Last Sunday K’s family had a reunion in a park to the west of the Twin Cities. We occupied an open shed, and before the food, we prayed and sang, and after the food we chatted. It was a pleasantly informal gathering and had the feel of people who don’t see each other very often getting better acquainted.
I’ve been around K’s family for decades but am not part of it, so no one knows quite what to do with me, and, I must admit, the converse is equally true. But lots of smiles and chatter about ancestors made it all quite tolerable.
Now I can confess that the part of the day which made me truly glad was the hour and some drive away from the city and through countryside, which when I traversed it on occasion as a child, was rural. Nothing but farm houses, fields, silos and the usual accoutrements of the agricultural trade.
That was several decades ago, and the intrusion of national enterprises, from gas stations to restaurant chains to big box retailers, has changed all that.
Even so, there are stretches where one sees nothing but corn and soybeans, growing quickly towards the harvest, and behind the fields or next to the road were family farms, one after another. Occasionally, there would be an informal sign about the “Fresh Corn” for sale, and one could see members of the family gathered around a table under a shade tree, drinking coffee and chatting, while they waited for customers to stop by.
The day was pleasant, full to the brim with sun and blue sky, and the hum of the car lulled me so that I felt I was floating along, in a time not quite the past and not the present either, and that my trip had some meaning beyond a drive to and from a family reunion.
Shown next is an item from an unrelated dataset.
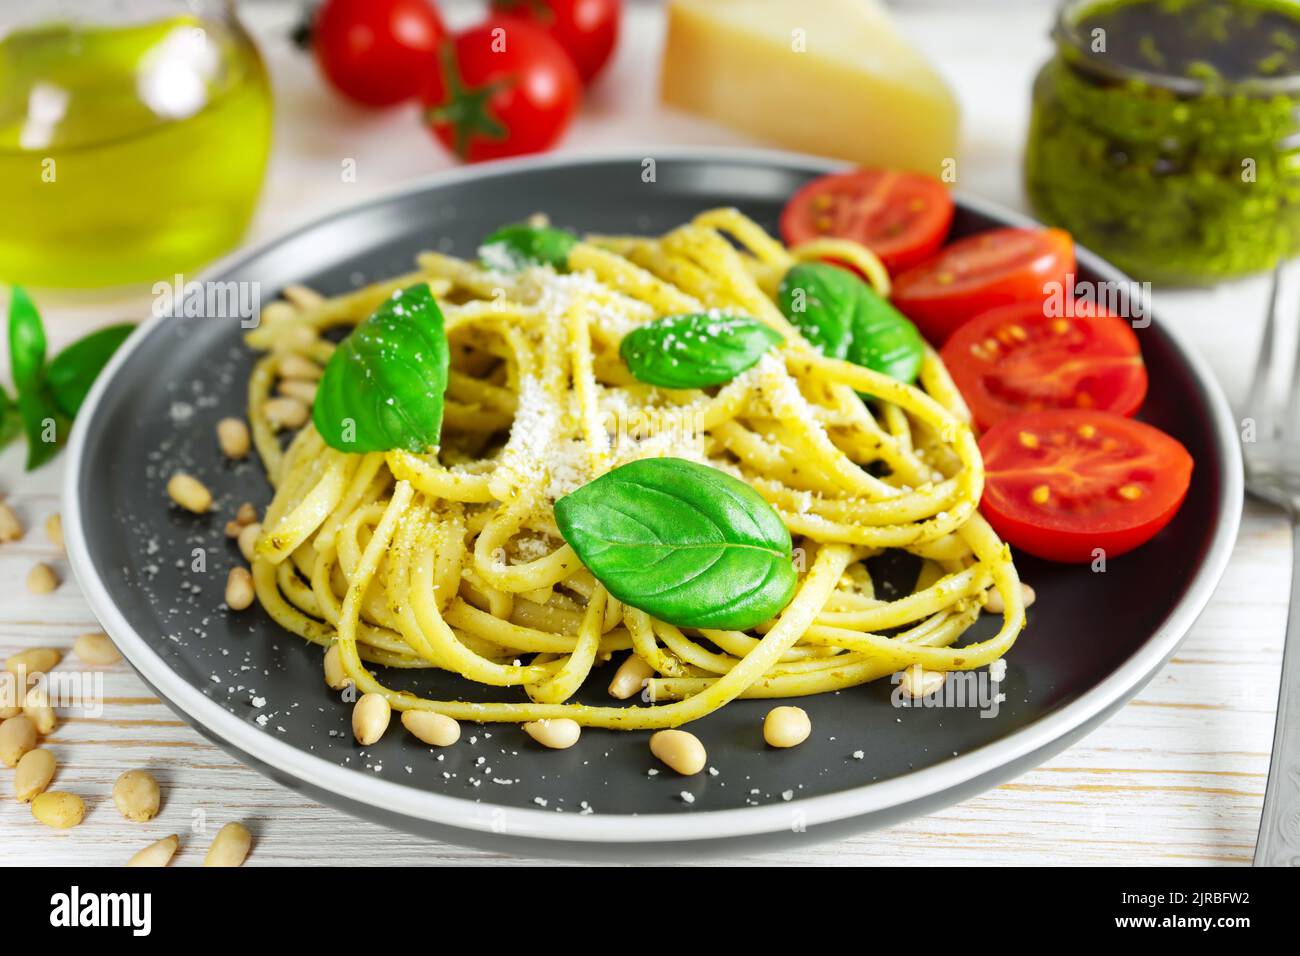 Pasta tradizionale italiana con verdure fresche, parmigiano, foglie di basilico, pinoli e salsa al pesto in piatto nero su fondo di legno bianco. Foto Stock
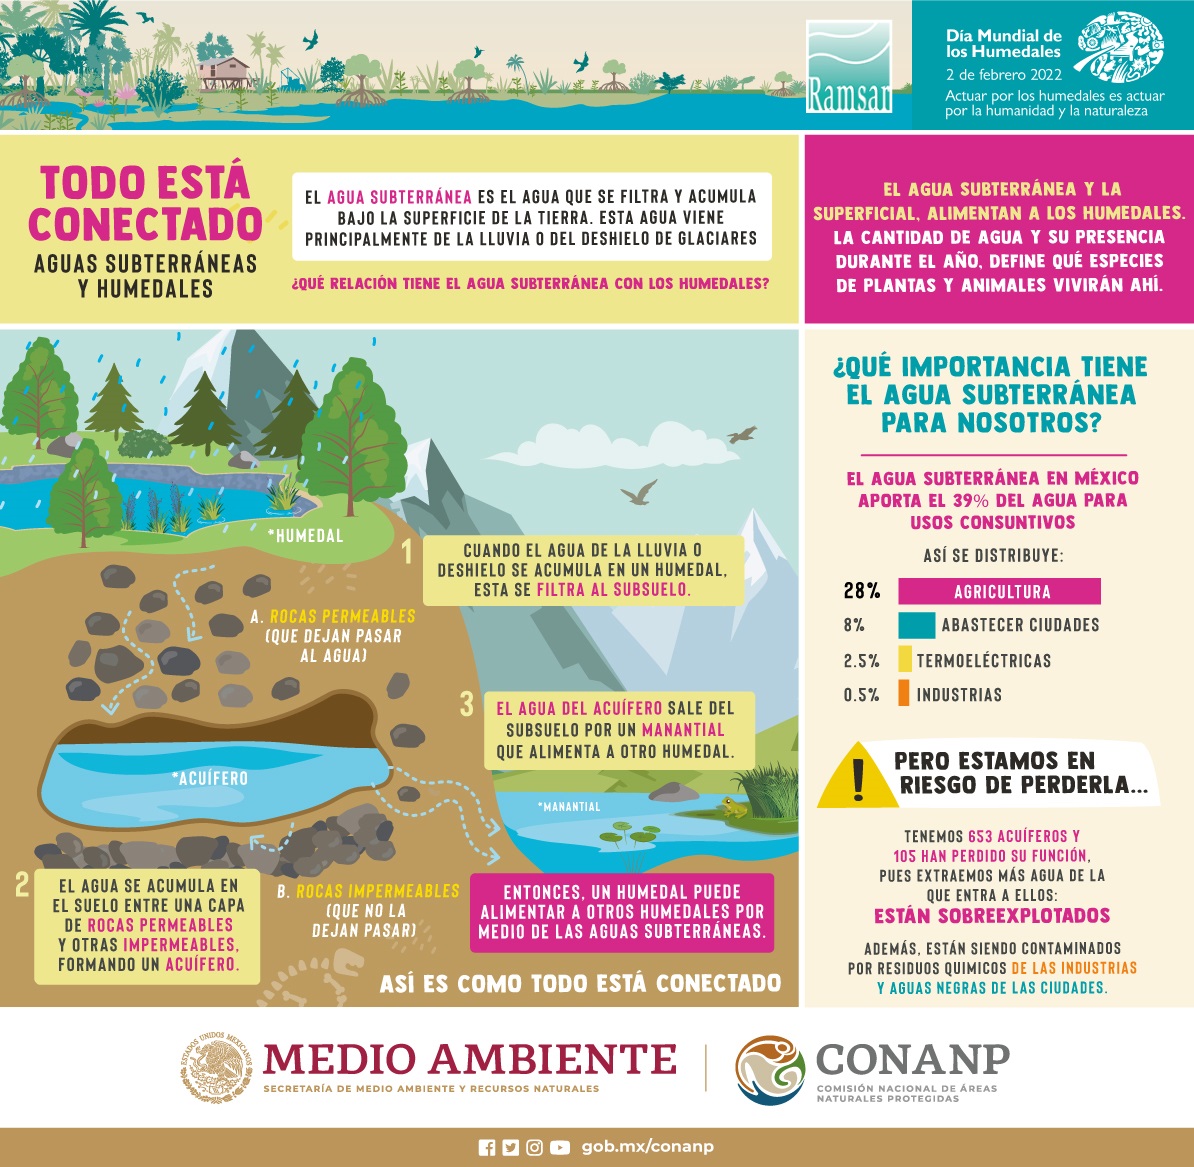 Todo esta conectado: Aguas Subterráneas y Humedales (Infografía)- CONANP

I do not know what great significance there might be in several members of a family, sitting around a table drinking coffee, eating home baked muffins, and talking to each other, whether they are at a reunion or just waiting for somebody to buy a dozen ears of corn.
In a world of frequently fetid monologues, demagogues, and spinning of the truth, a family conversation may be both rare and undervalued, as much for what is not said as what is.
And in the silence between the words, one can be struck by the sounds of the wind through the trees, songs of the birds, and even the sound of the traveler in the car passing by, headed for a conversation down the road.
No radio, no tv, no game boy, no cell phone, no PDA…what could be better on a fine clear August morning than the songs sung by families along the open road?